Michele Simionato - How to migrate from PostgreSQL to HDF5 and live happily ever after
This talk is for people who have a lot of floating numbers inside
PostgreSQL tables. I will bring as an example my personal experience
with a scientific project that used PostgreSQL as storage for a rather
complex set of composite multidimensional arrays and ran into all
sorts of performances issues, both in reading and writing the data. I
will explain how I solved all that by dropping the database in favor
of an HDF5 file, while keeping the application running and the users
happy.
-----
This talk is for people who have a lot of floating numbers inside
PostgreSQL tables and have problems with that. I will narrate my
experience with a scientific project that used PostgreSQL as storage
for a rather complex set of composite multidimensional arrays and ran
into all sorts of performances issues, both in reading and writing the
data.
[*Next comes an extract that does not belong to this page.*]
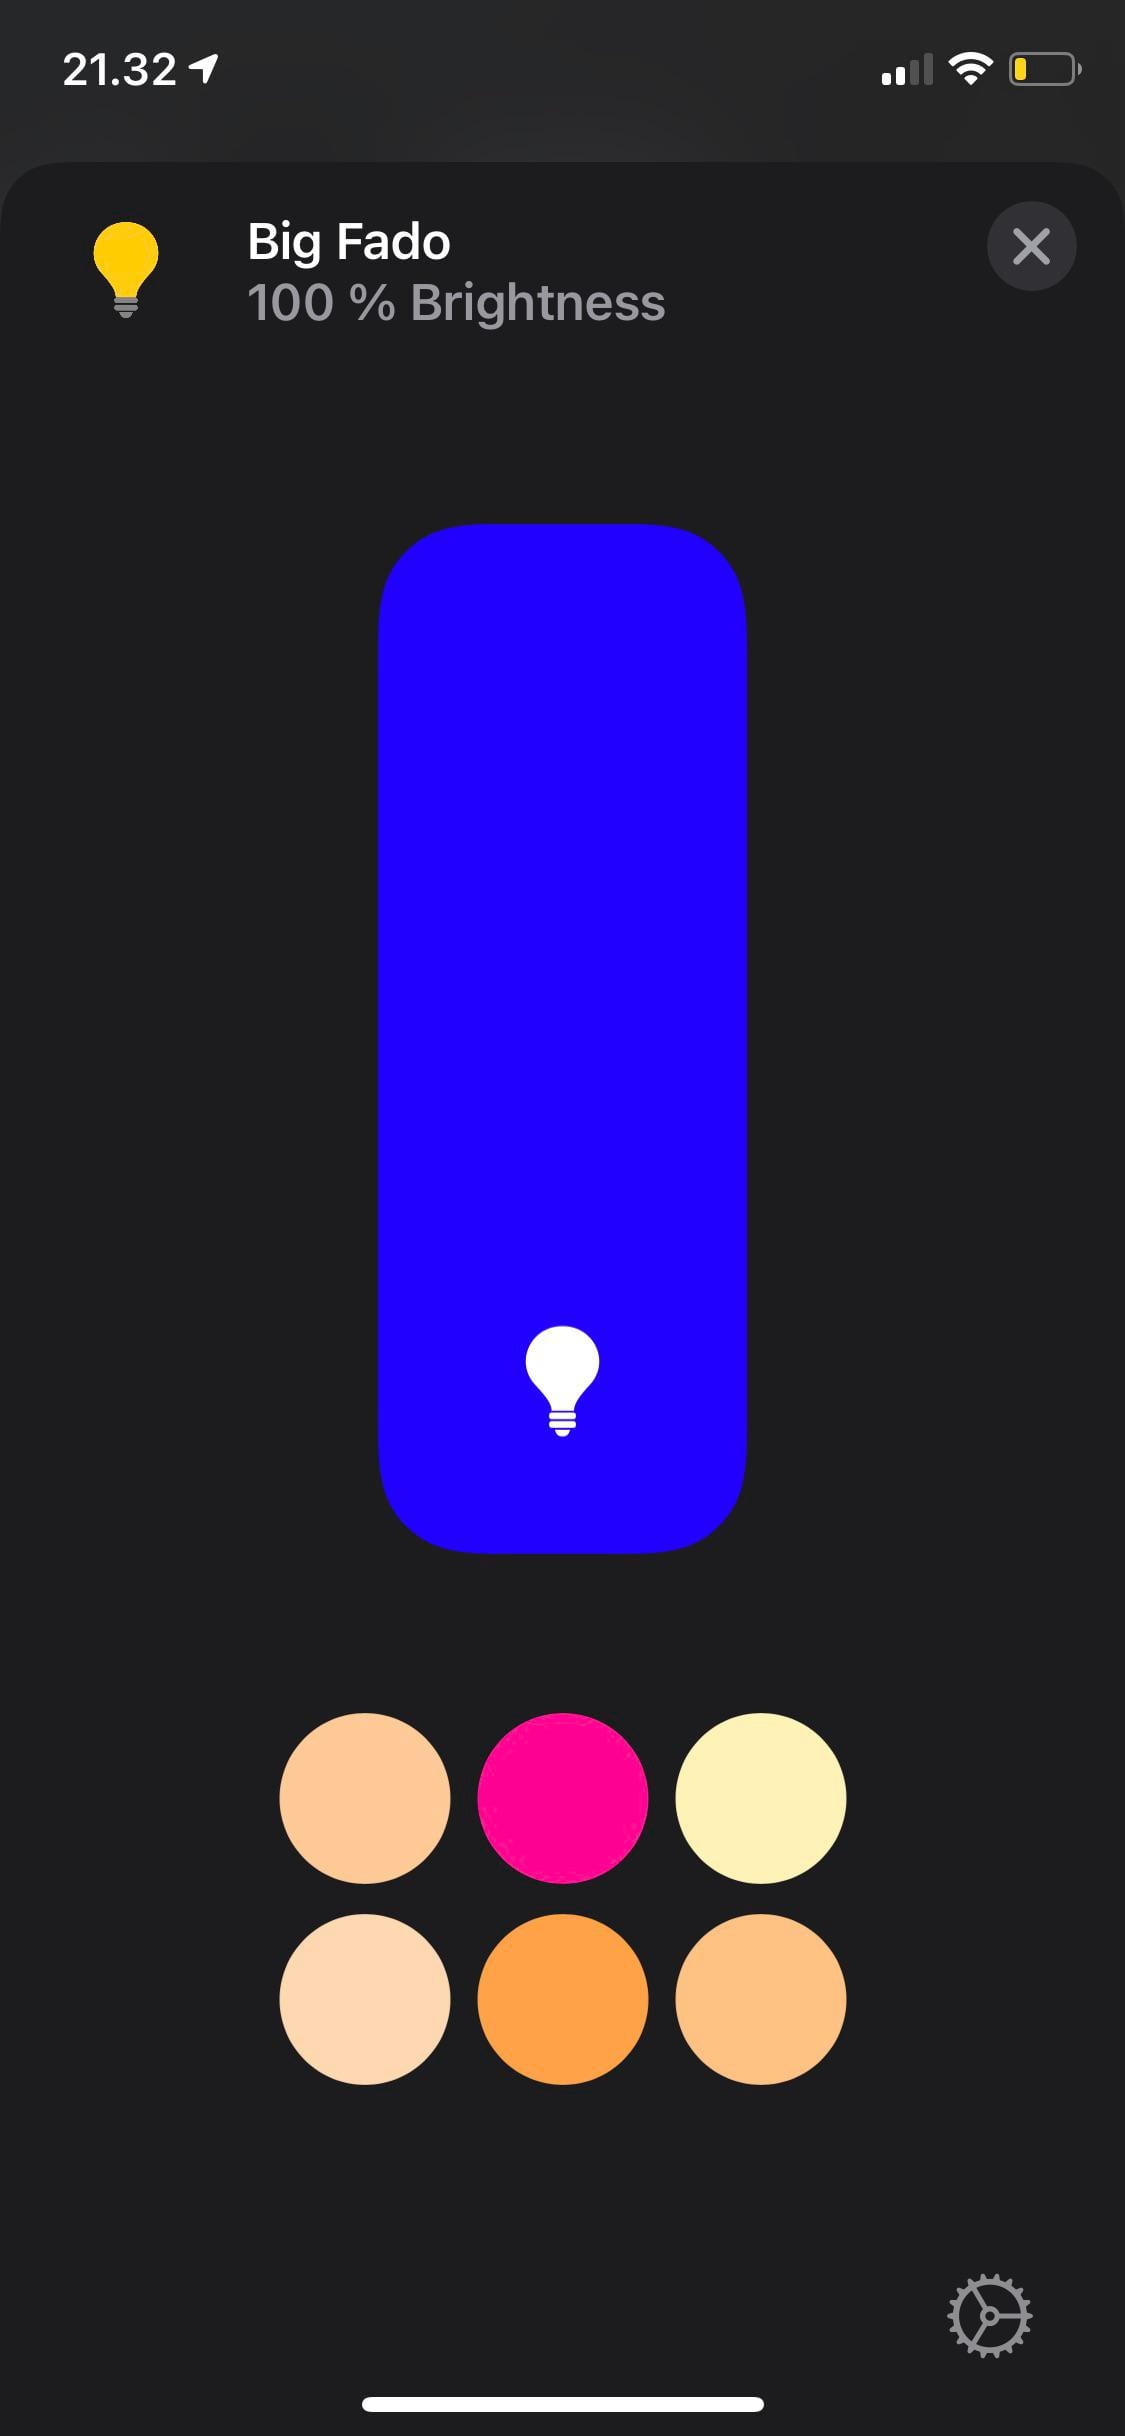 Any way to get the current color of a light

I will discuss the issues and the approach that was taken first
to mitigate them (unsuccessfully) and then to remove them
(successfully) by a complete rethinking of the underlying architecture
and eventually the removal of the database. I will talk about the
migration strategies that were employed in the transition period and
how to live with a mixed environment of metadata in PostgreSQL and
data in an HDF5 file. I will also talk about concurrency, since the
underlying application is distributed and massively parallel, and
still it uses the purely sequential version of HDF5. Questions from
the audience are expected and welcome.
The talk is of interest to a large public, since it is mostly about
measuring things, monitoring and testing a legacy system,
making sure that the changes do not break the previous behavior
and keeping the users happy, while internally rewriting
all of the original code. And doing that in a small enough number of years! |